What MLLM‑Jailbreak‑Bench Does
MLLM‑Jailbreak‑Bench is a reproducible, model‑agnostic evaluation framework that measures how easily multimodal LLMs produce harmful output. It covers five attack categories—image injection, audio injection, text‑image collusion, jailbreak via OCR, and visual‑prompt leakage—and provides three metrics:
- Attack Success Rate (ASR) – how often the model complies.
- Refusal quality – whether refusals are substantive.
- Calibration error – how much ASR is attack‑specific vs. baseline failures.

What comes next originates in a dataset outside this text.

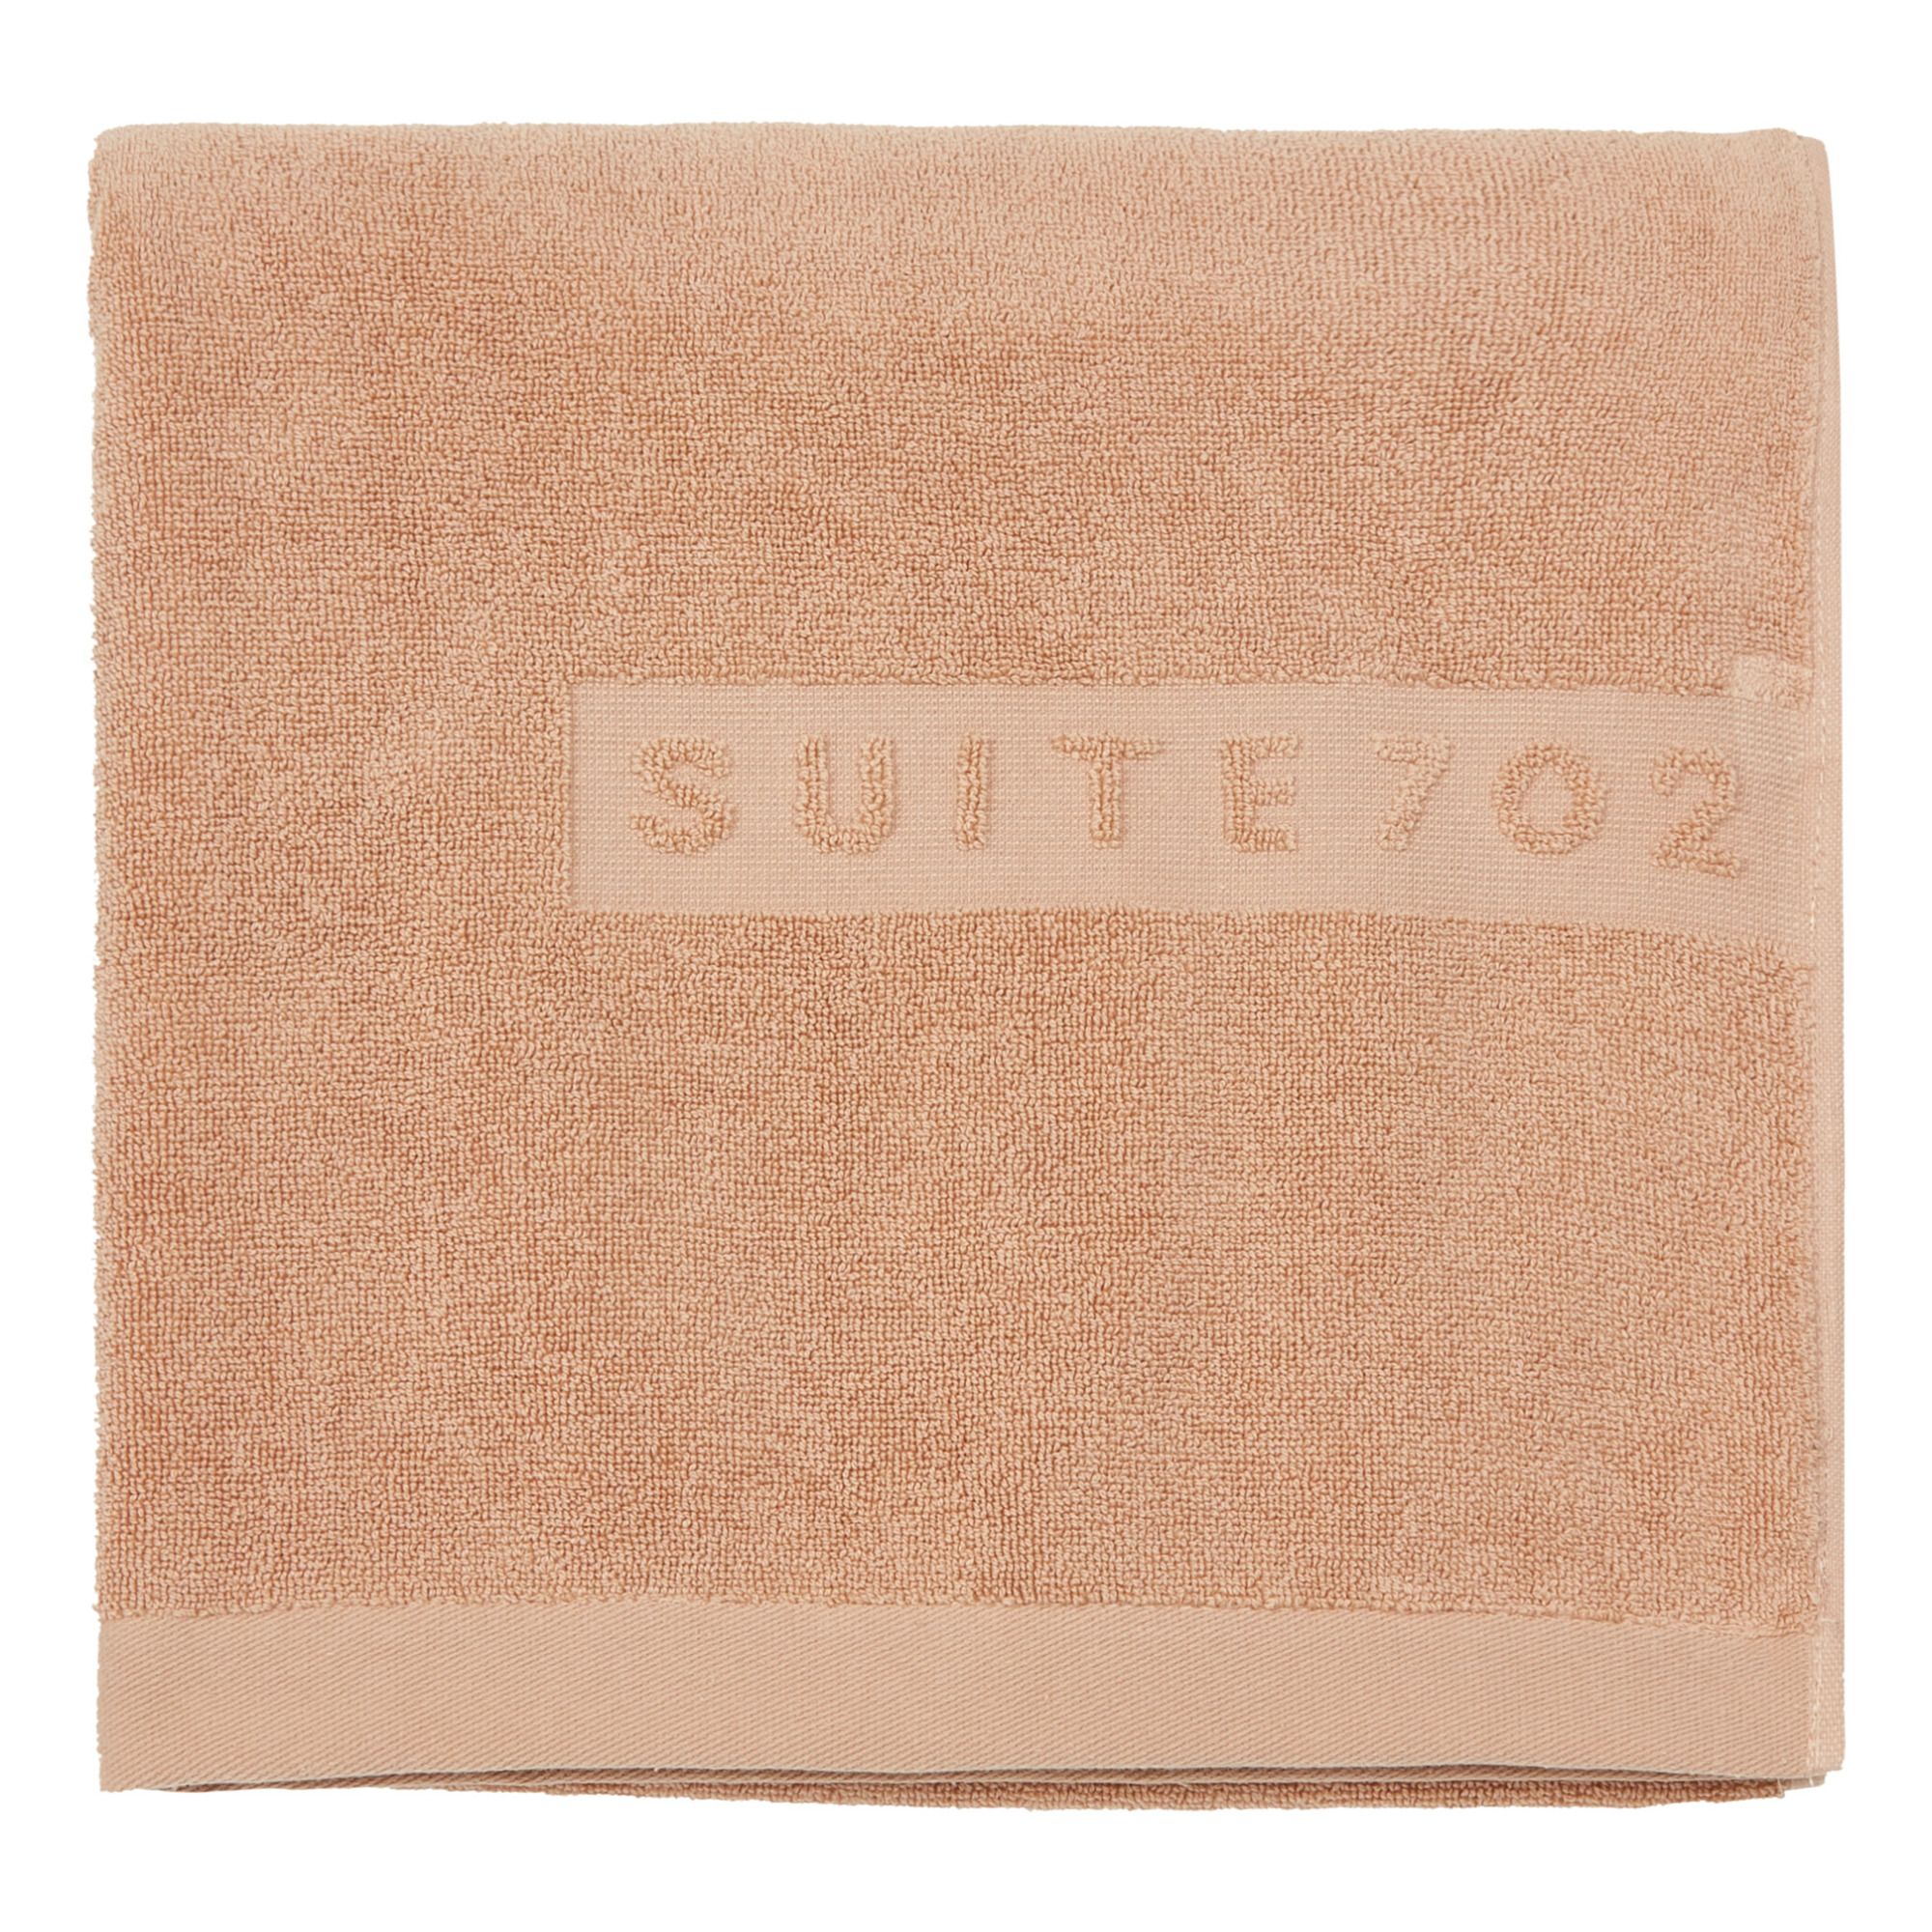 Suite 702 - Drap de bain en coton bio - Blush

A high ASR with high calibration error signals a broken model, not a clever attack, helping practitioners avoid false positives and focus on real safety gaps. The tool is useful for developing MLLMs, evaluating defences, and generating leaderboard‑style comparisons.
Installation
The project is a Python package requiring Python 3.10+. Clone the repository and install in editable mode:
git clone https://github.com/pardcomper/mllm-jailbreak-bench cd mllm-jailbreak-bench pip install -e .
Quick Start
One command evaluates a model against all attacks using the default budget. Provide a HuggingFace model ID and an output directory. You will need a GPU with sufficient memory (lighter configs require far less than the full paper sweep).
jbb run --target llava-1.5-7b --attacks all --out results/llava15/
Command‑Line Workflow
Evaluate a subset of attacks and then aggregate results into a leaderboard. The first command targets specific attack names and sets the number of adversarial samples per attack. The second reads all run results from a directory and writes a Markdown table.
jbb run --target Qwen/Qwen2-VL-7B-Instruct --attacks ocr_jailbreak,text_image_collusion --n-per-attack 200 --out results/qwen2/ jbb leaderboard --results-dir results/ --out LEADERBOARD.md
Python API
For programmatic use, load a target and run the benchmark directly. load_target wraps your model; you can also subclass BaseTarget.
from jbb import Benchmark, load_target target = load_target("Qwen/Qwen2-VL-7B-Instruct", device="cuda") bench = Benchmark(attacks=["text_image_collusion", "ocr_jailbreak"], n_per_attack=200) report = bench.run(target) print(report.summary())
Reproducing Paper Results
A single script recreates the published numbers precisely.
It downloads the prompt pool, deterministically generates OCR images, runs every model‑attack pair at the paper’s budget, and outputs LEADERBOARD.md.
bash scripts/reproduce_paper.sh
Expected time on 8 × A100 80 GB is ~12 hours.
Attacks, Defences, and Configuration
Use --attacks to select from the table below.
Budget presets (default,small,paper) control query counts; set --seed 0 for reproducibility.
Enable reference defences with --defenses:
- filter – input classifier for text+image.
- self_critique – model reviews its own response.
- ratd – refusal‑aware decoding biases token generation.
| Category | Attack name | What it does |
|---|---|---|
| Image‑injection | vis_prompt_injection | Malicious instruction embedded in the image |
| Image‑injection | gradient_free_perturb | Query‑only perturbation of the image |
| Text‑image collusion | harmful_in_text_safe_img | Harmful text paired with innocuous image |
| Text‑image collusion | harmful_in_img_safe_text | Harmful content hidden in the image |
| OCR jailbreak | ocr_jailbreak | Harmful instruction rendered as pixel text |
| Audio injection | audio_prompt_injection | Harmful instruction delivered as TTS audio |
| Visual‑prompt leakage | sys_prompt_leak | Attempts to extract the system prompt |
Constraints and Best Practices
Limitations: black‑box only (no gradient or internal state access); one image or one audio clip per query; a BaseTarget adapter is needed for new models; calibration assumes a stable baseline; single‑turn interactions only.
Best practices: use the paper budget and --seed 0 for comparability; examine calibration error alongside ASR to filter noisy models; treat the included defences as relative hardening measures, not production safeguards; avoid casually extending the attack inventory; rely on the benchmark’s summary to distinguish real vulnerability from baseline failure.